A proposed NIS 3 million loan may keep the troubled Negev Textile company open, although the owner of the plant has yet to accept the deal outlined last Tuesday.
The factory, which is located in Sderot on the border with the Gaza Strip, had been on the verge of closure, and management had been seeking a NIS 3 million government grant to save the jobs of its 50 or so employees.
The owner must now decide if he can be satisfied with the proposed loan, which would be supplemented by a NIS 250,000 government grant to enable the company to convert to natural gas, which would cut the plant's energy bills substantially.
The latest plan calls for the owner to guarantee 25% of the NIS 3 million loan, while the government and Manufacturers Association are to stand behind the remaining 75% - each guaranteeing 37.5%, Economy Minister Naftali Bennett told TheMarker.
The new plan was developed with the involvement of Bennett, Finance Minister Yair Lapid and the president of the Manufacturers Association, Zvi Oren.

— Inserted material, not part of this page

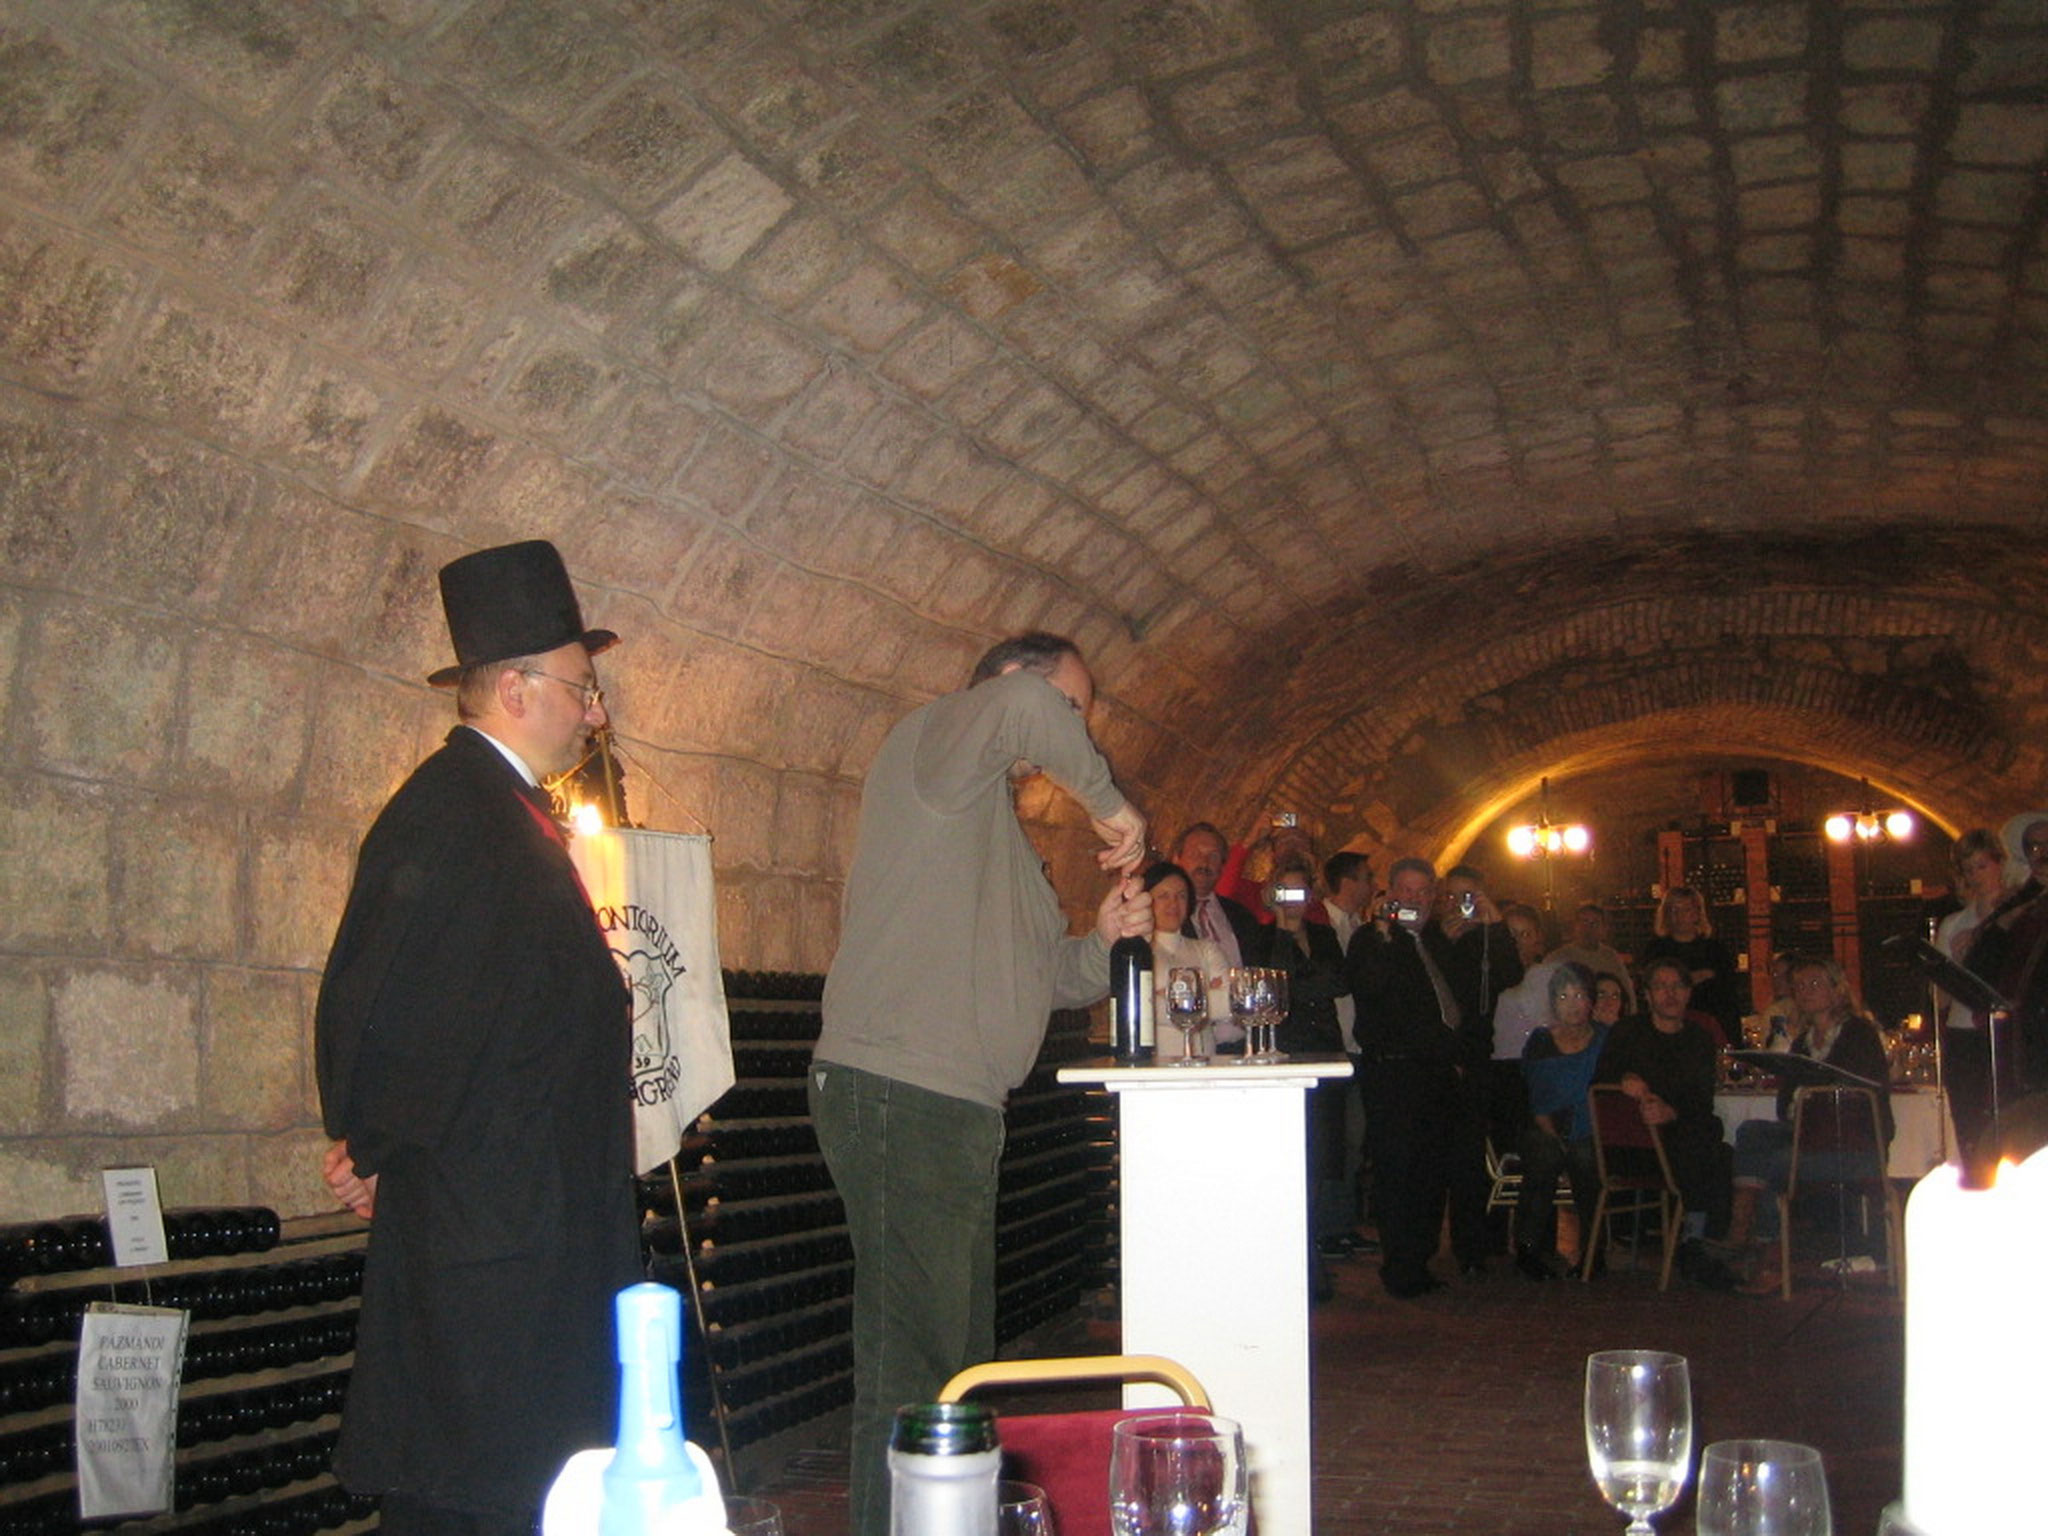 Visiting Budapest 2005 (Visegrad)

Negev Textile CEO Uri Hadar said he has not yet spoken to the owner of the company, who is abroad, but expressed optimism that the plan would go forward. "I see that the two sides have good intentions, so I expect that the plant has a chance," Hadar said. "I am very optimistic. They have made a big step to come closer to our position."
In the event the owner does not accept the current offer, the Economy Ministry has drawn up a plan to place Negev Textile's workforce in other jobs in the Sderot area. "There are commitments to take in 45 Negev Textile workers at factories in the area," Bennett said. "We will make available any necessary sum for professional retraining," he added, in addition to other grants.
The company had also asked the Sderot Municipality to exempt Negev Textile from paying municipal taxes, Bennett said, but Sderot Mayor David Buskila said the city could not grant such a request.